Kata ini digunakan di dalam Al-Qur`an dengan beberapa pengertian. Fitnah dimaknai sebagai ujian (Al-Ibtila` wa Al-Ikhtibar) dalam QS. Al-‘Ankabut/29: 2. Fitnah dimaknai sebagai kesyirikan (Asy-Syirk) dalam QS. Al-Baqarah/2: 191. Fitnah dimaknai sebagai kekufuran (Al-Kufr) dalam QS. An-Nur/24: 63. Fitnah dimaknai sebagai menyakiti manusia (adza an-nas) dalam QS. Al-‘Ankabut/29: 10. Fitnah dimaknai sebagai siksaan dengan api (at-ta’zib bi an-nar) dalam QS. Al-Buruj/85: 10.
Fitnah bermakna pembunuhan atau perang (Al-Qatl) dalam QS. An-Nisa/4: 101. Fitnah dimaknai sebagai menyimpang dari kebenaran (al-‘adul ‘an al-haqq) dalam QS. Al-Maidah/5: 49. Fitnah dimaknai dengan kesesatan (adh-dhalalah) dalam QS. Al-Maidah/5: 41. Fitnah dimaknai dengan argumen (al-hujjah wa al-ma’zurah) dalam QS. Al-An’am/6: 23. Fitnah dimaknai dengan gila (al-junun) dalam QS. Al-Qalam/68: 6 (Islamweb).

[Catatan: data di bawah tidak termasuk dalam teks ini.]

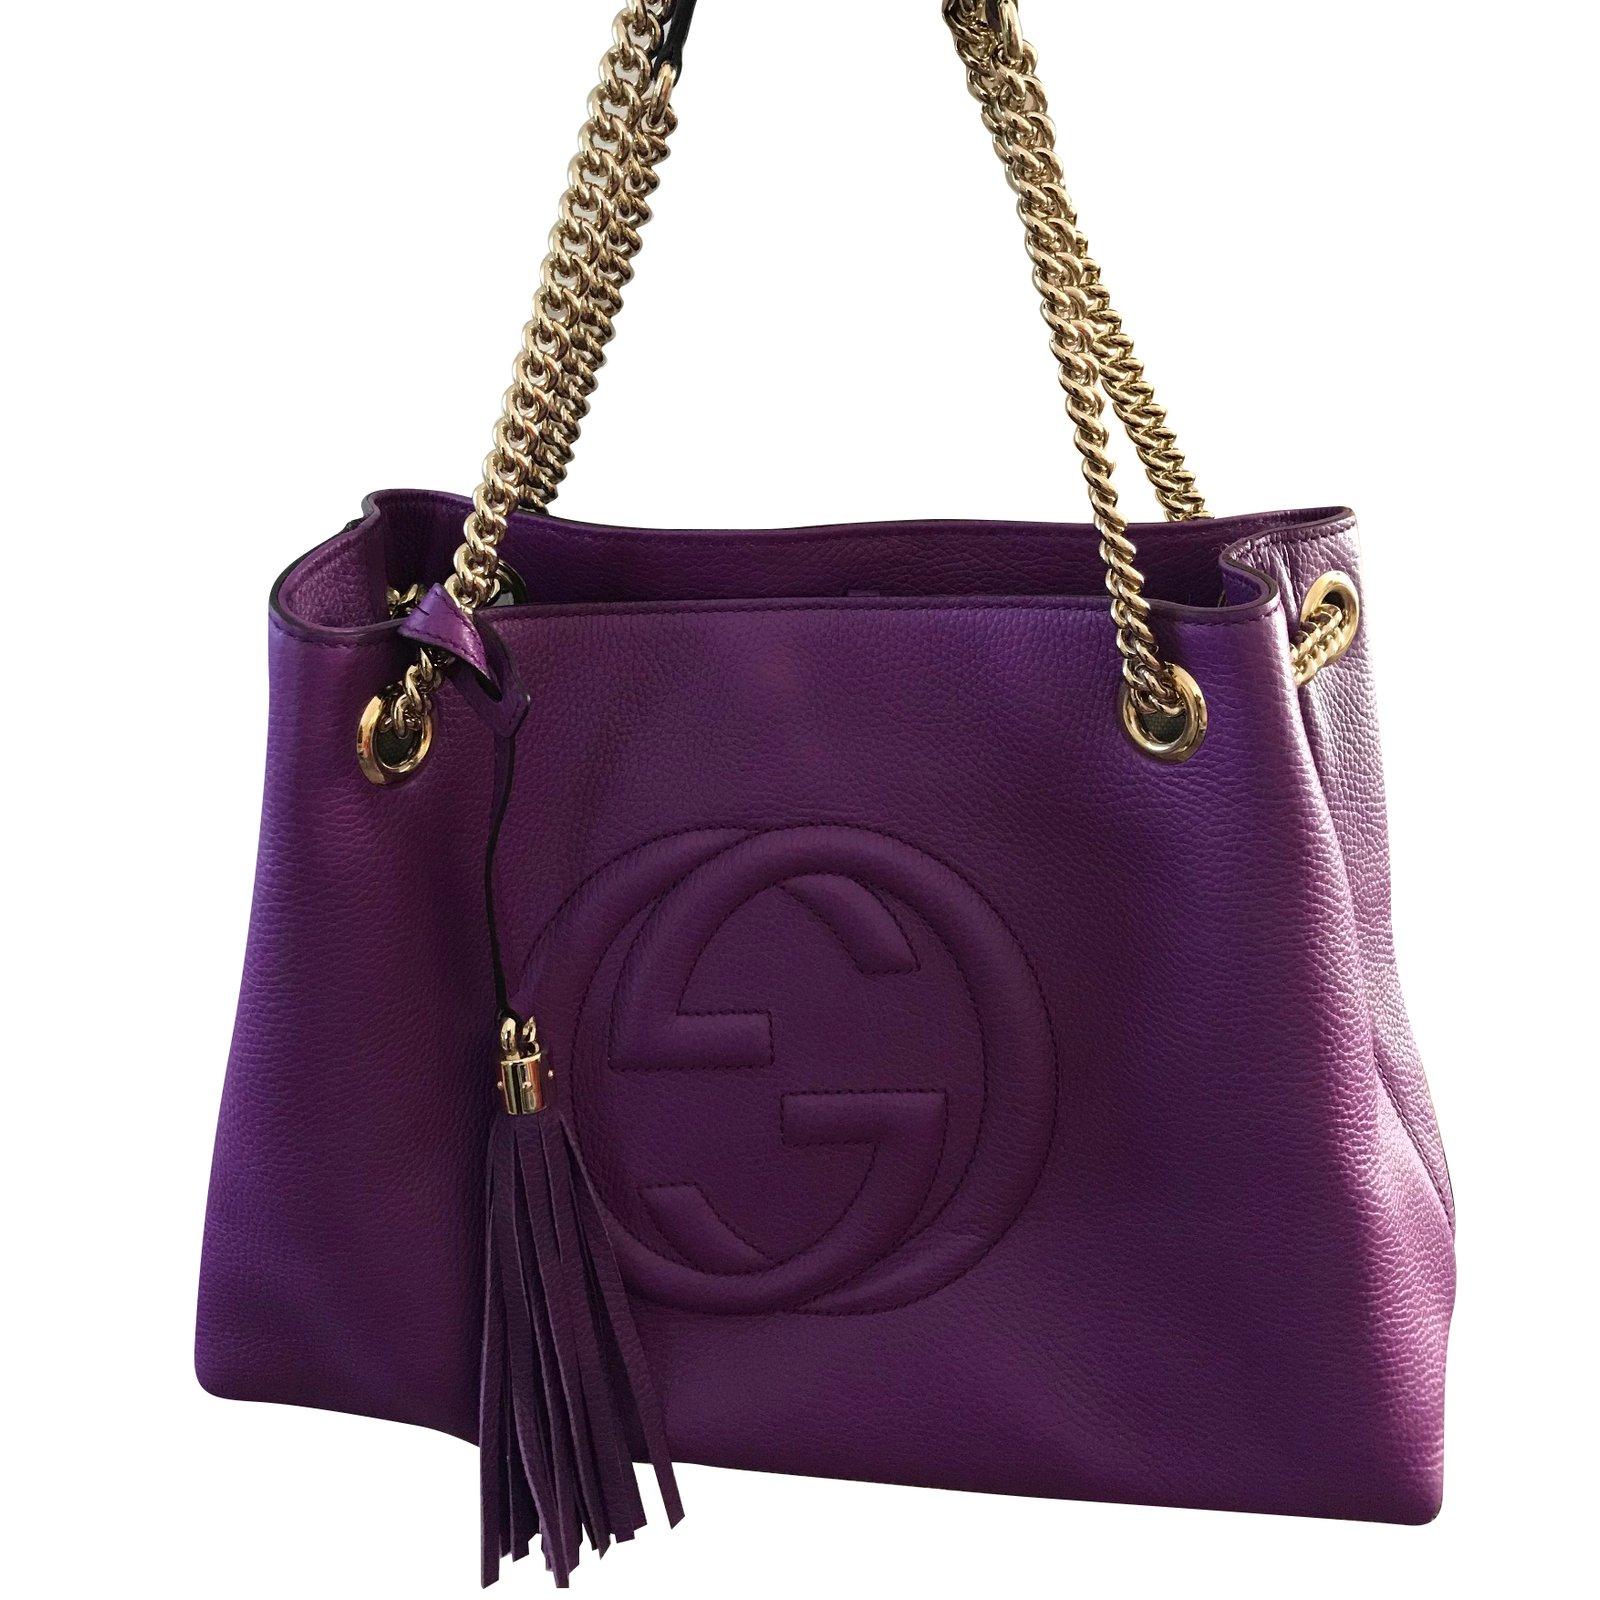 Sacs à main Gucci Sacs à main Cuir Violet ref.59229 - Joli Closet 37cd896ce48

Analisis terhadap konteks ayat dapat menggunakan teori Munâsabah. Secara terminologis definisi dari munâsabah dicatat Yunahar Ilyas sebagai mencari kedekatan, hubungan, kaitan, antara satu ayat atau kelompok ayat dengan ayat atau kelompok ayat yang berdekatan, baik dengan yang sebelumnya maupun yang sesudahnya. Dalam hal ini QS. Al-Anfal/8:28 berada dalam konteks Surah Al-Anfal yang pada bagian awalnya berkisah tentang Perang Badar. Pada ayat 27 disebutkan peringatan kepada orang beriman agar tidak menghianati Allah dan Rasul-Nya.

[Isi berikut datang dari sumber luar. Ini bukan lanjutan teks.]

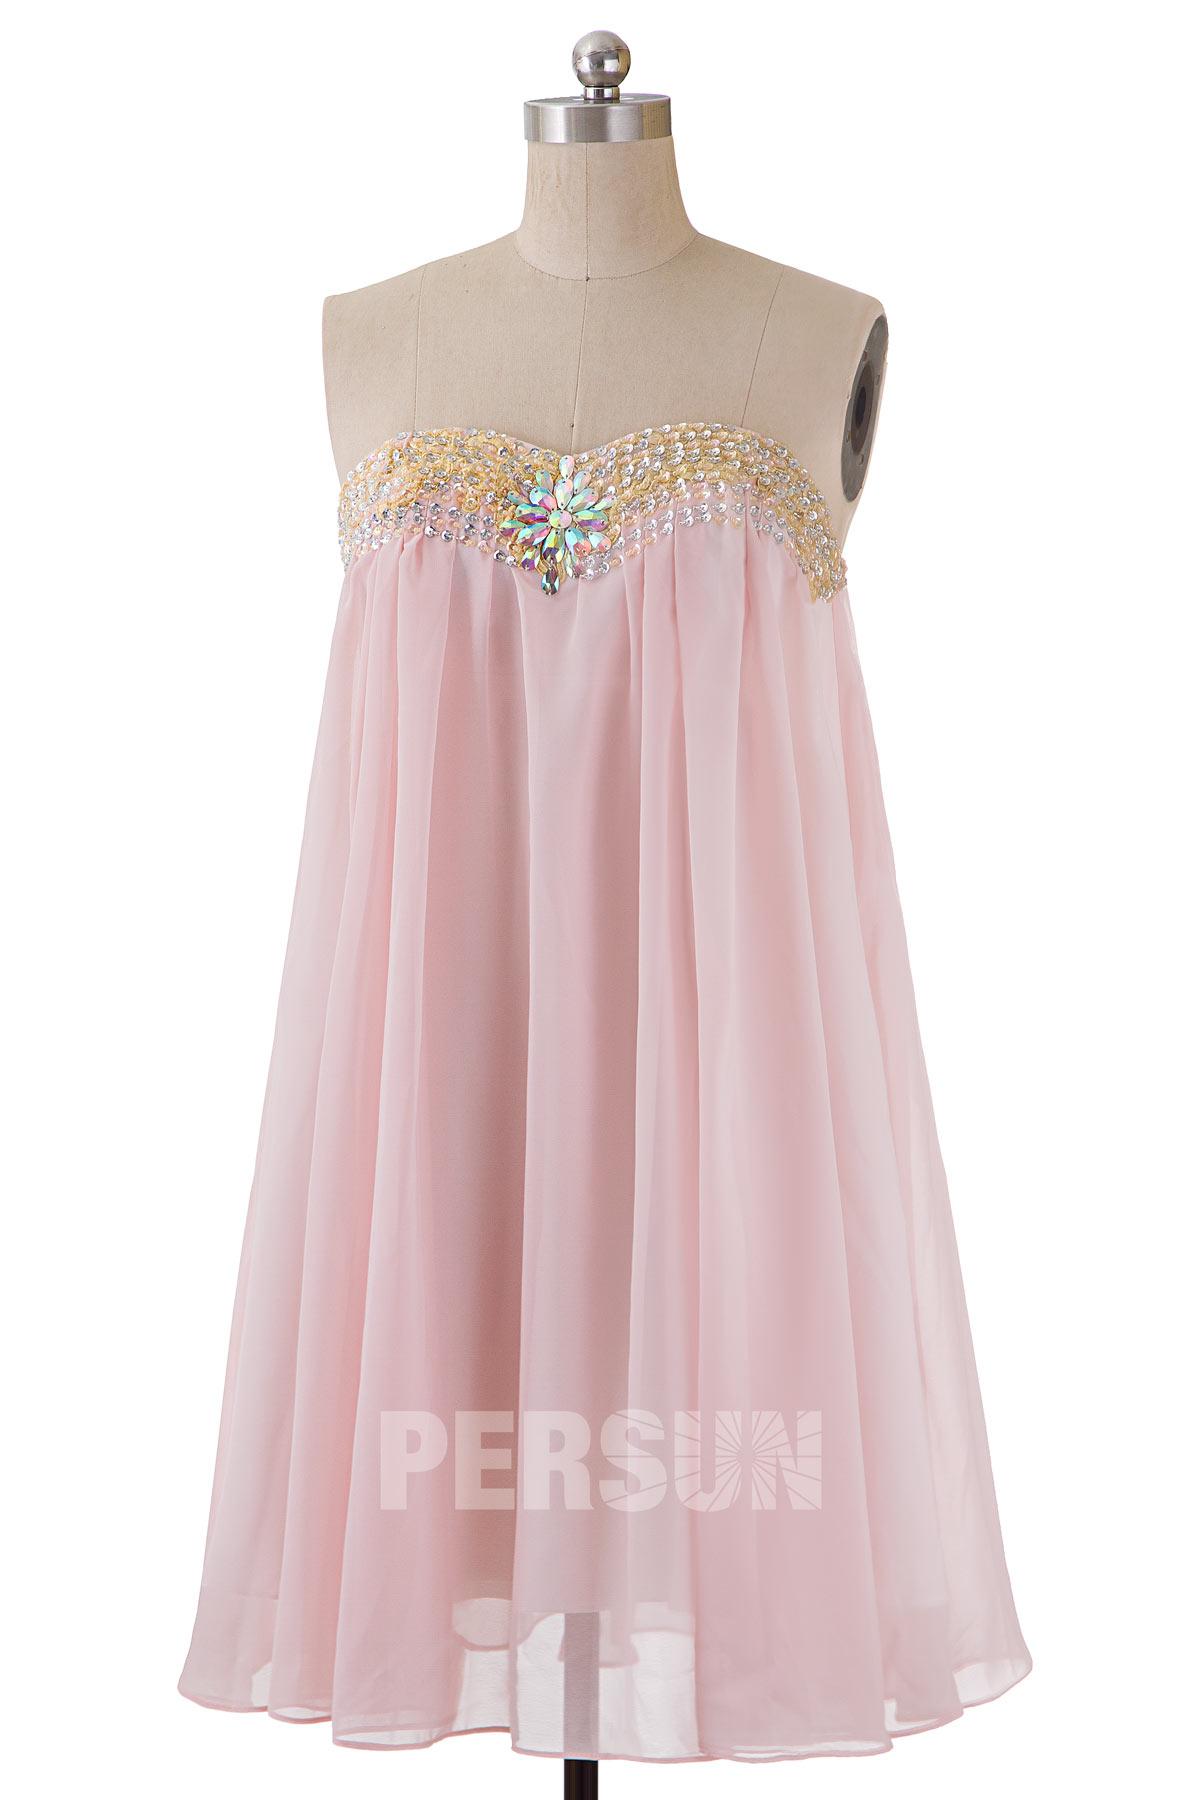 robe babydoll rose pâle courte bustier coeur ornée de strass

Selanjutnya ayat 29 berisi tentang balasan bagi orang bertaqwa berupa furqan (kemampuan membedakan antara yang haq dan batil). Penyebutan harta dan anak sebagai fitnah pada ayat 28 dapat dipahami konteksnya sebagai bentuk ujian. Artinya mungkin saja seseorang menghianati Allah dan Rasul-Nya dengan berbuat kemaksiatan, demi mengejar harta. Namun di sisi lain ada juga orang yang dengan hartanya justru menambah ketakwaan kepada Allah.

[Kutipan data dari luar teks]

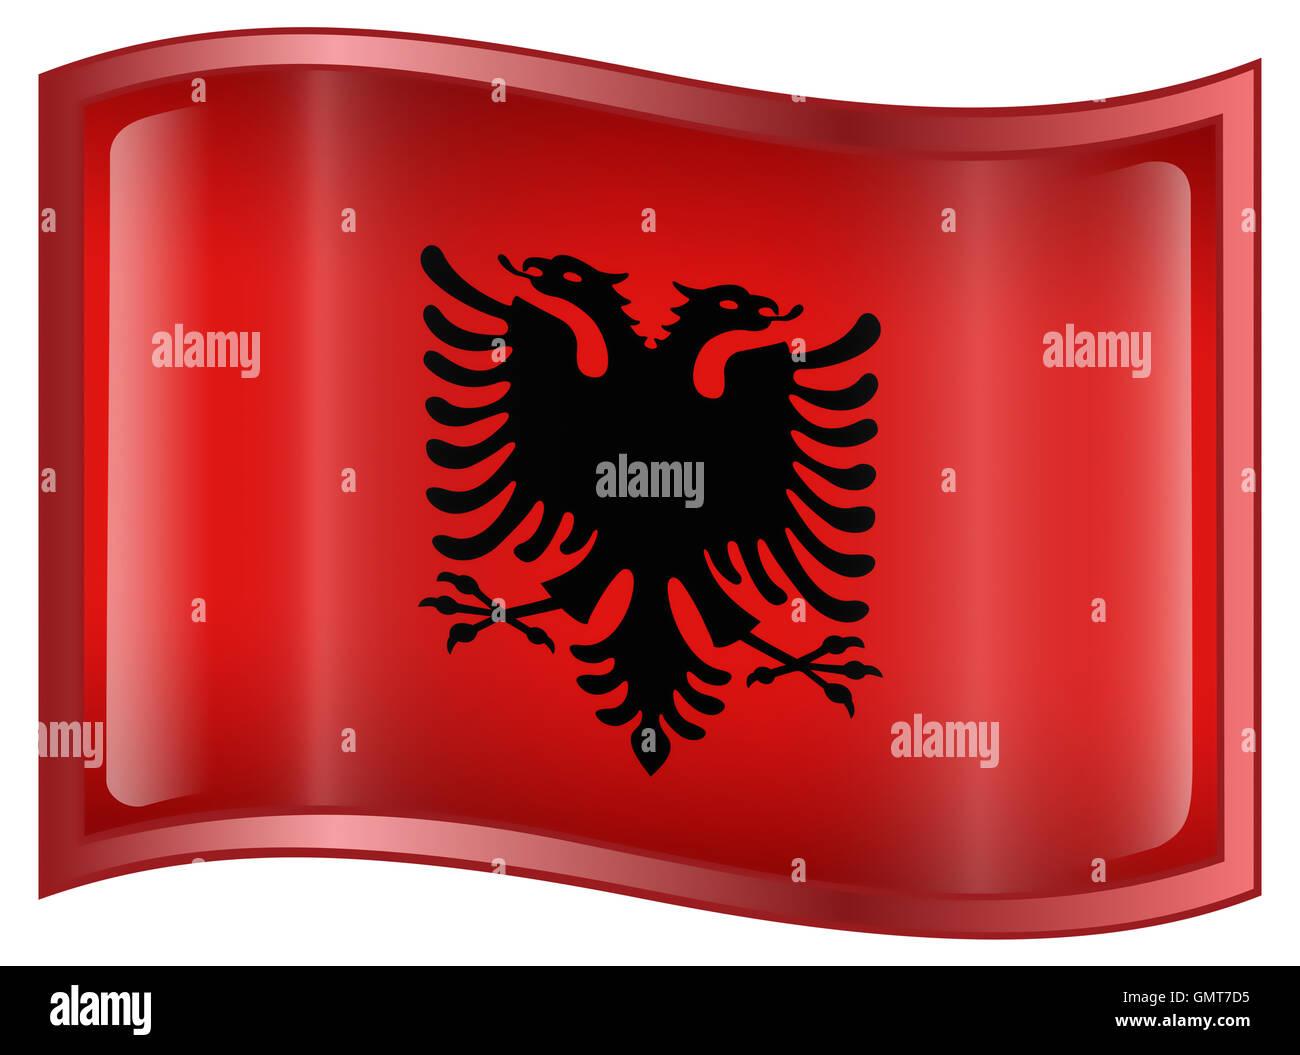 Albania Flag Icon - Stock Image

Senada dengan itu QS. At-Tagabun/64:15 diiringi perintah untuk mentaati Allah dan Rasul pada ayat 12. Setelah itu pada ayat 16 terdapat perintah untuk bertakwa kepada Allah menurut kesanggupan masing-masing. Selain itu orang-orang beriman juga diperintahkan untuk menginfakkan harta yang baik. Orang yang menjaga dirinya agar tidak berbuat kikir kelak akan mendapat keberuntungan. Penyebutan harta sebagai fitnah berada dalam konteks yang netral. Apabila harta membuat seseorang menjadi tidak taat kepada Allah dan Rasul, maka harta itu berdampak negatif kepadanya. Akan tetapi apabila harta itu diinfakkan di jalan yang benar, maka harta itu bernilai positif bagi pemiliknya.
Teori Makki-Madani mengelompokkan ayat-ayat Al-Qur`an menjadi Makkiyah dan Madaniyah. Definisi paling masyhur menurut As-Suyuthi tentang Makki adalah apa-apa yang turun sebelum hijrah, sementara Madani adalah apa-apa yang turun setelah hijrah. Nasr Hamid Abu Zayd menilai bahwa peristiwa hijrah dari Mekkah ke Madinah bukan hanya sekedar perpindahan tempat. Peristiwa hijrah menandakan terjadinya perubahan baru dalam sejarah dakwah. Perubahan kondisi tersebut juga berdampak pada gerak teks Al-Qur`an, baik secara isi maupun struktur.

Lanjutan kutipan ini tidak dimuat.